Don O'Neill cooks, and his husband Pascal Guillermie does the tablescaping for their dinner parties in Co Kerry.
The best nights don’t always happen when you’re out. At-home dinner parties are back in fashion, but gone are the days of ceremonial white table linen and stuffy seating plans.
Midweek meals have supplanted Saturday night soirées. Kitchen tables or picnic-style set-ups are preferable to formal diningrooms, and tablescaping is rustic rather than fancy.
The cost of eating out is cited by some as a reason for this shift. For others outside Dublin, restaurant closures during Covid left them with fewer options. But they all agree that there’s a cosy feeling of community that comes with feeding people in your own home that’s a catalyst for real connection.
The 2025 World Happiness Report, which surveyed 150,000 people across 142 countries and territories, appears to support this, finding that countries where meal sharing is common had significantly higher levels of wellbeing.
So what does a modern-day dinner party look – and taste – like? Here, four enthusiastic hosts-come-cooks reveal how they prepare their own perfect at-home, stress-free feast.
Al Higgins
Al Higgins hosts regular dinner parties with his wife Amy in their house in Stoneybatter in Dublin.

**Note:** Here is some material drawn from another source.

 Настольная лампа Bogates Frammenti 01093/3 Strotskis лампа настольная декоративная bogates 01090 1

Photograph: Al Higgins
“Food has become a really cool thing, so it’s nice to be able to say, yes, I can cook,” says photographer Al Higgins. He loves to cook and his wife Amy, who is a DJ, loves to bake, so they have people over at least once a month. They always host at Thanksgiving, as Amy is from the US.

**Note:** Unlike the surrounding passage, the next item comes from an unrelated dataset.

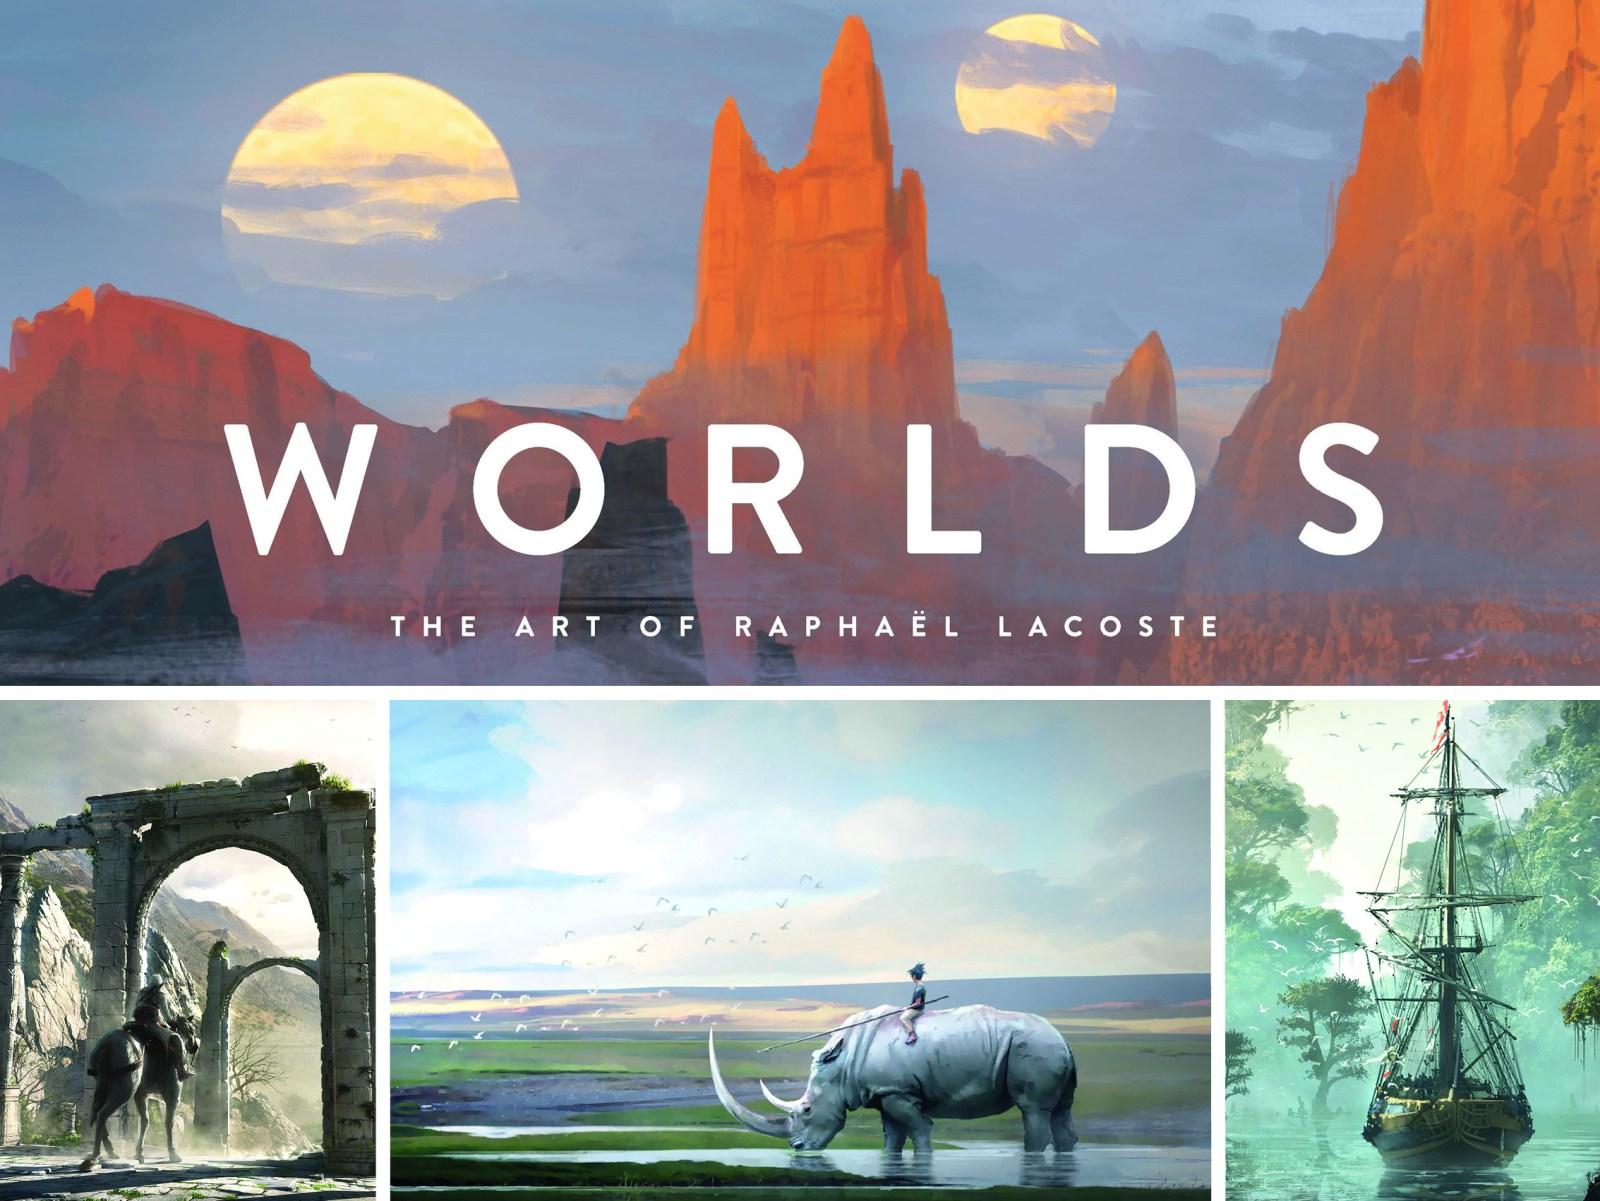 Bandeau avec des extraits de l'artbook Worlds de Raphael Lacoste.

The couple lives in a “tiny” house in Stoneybatter. “So we lay out plates on a small table and everybody takes as and when they want to. It’s always very communal and informal,” he says. For those who don’t have a lot of space, he advises just leaning into it and making the evening really cosy.

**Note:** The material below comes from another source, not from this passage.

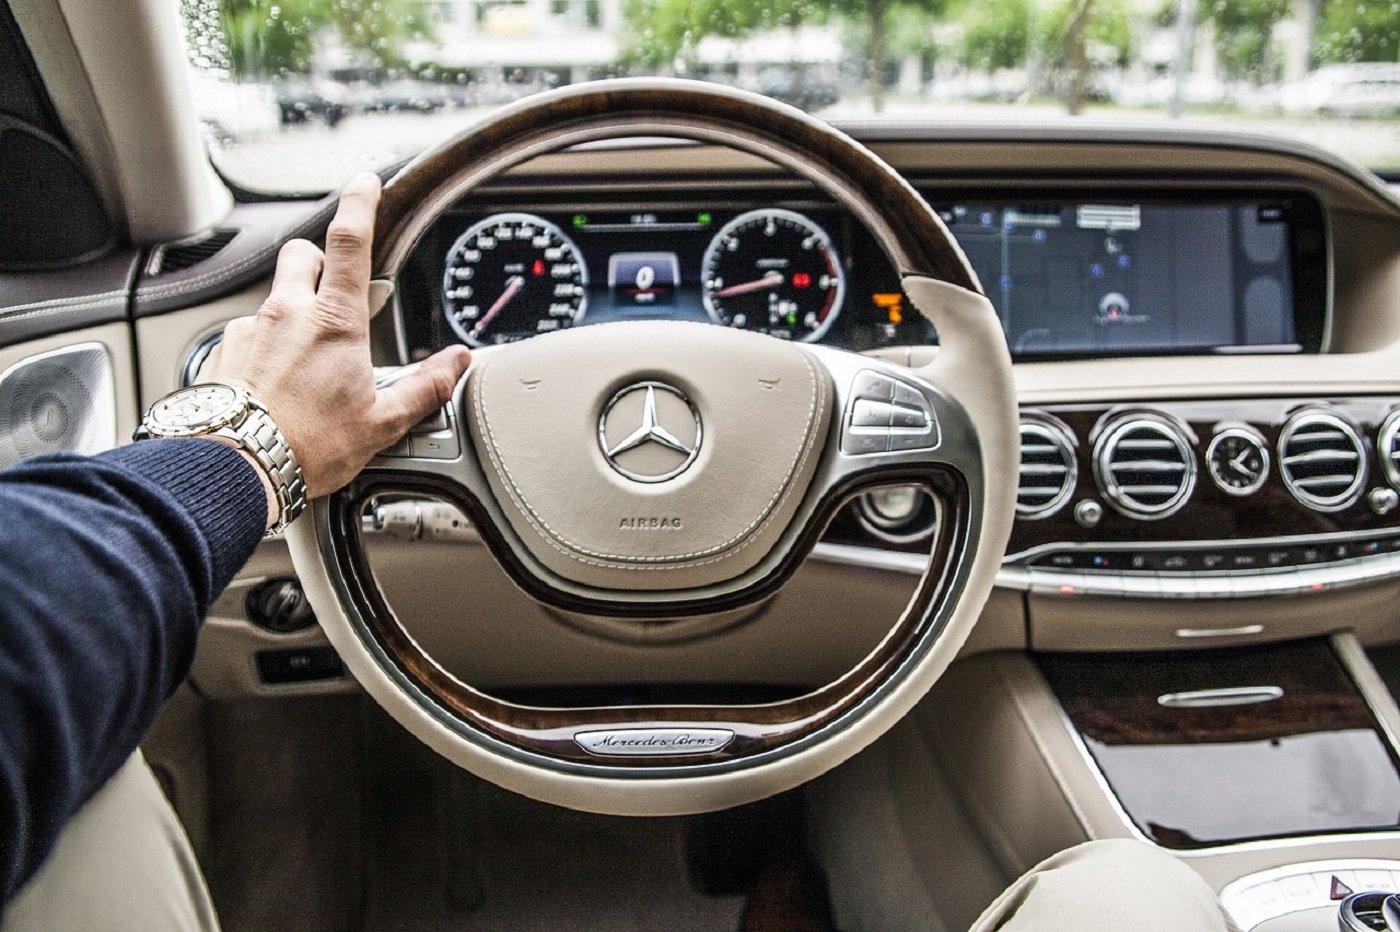 Daimler stoppe le développement de moteurs thermiques, pour se focaliser sur l'électrique

Higgins’s go-to dinner party menu begins with fresh burrata, whatever citrus is in season, olive oil and sea salt served with crackers – a recipe “stolen from a wine bar in Paris called La Buvette”.
“Then I usually serve mussels in cider; it’s really easy to make, takes 10 minutes and it tastes delicious.” For the main course, he likes to serve a big sharing steak, which he cooks on a smoker out the back of the house.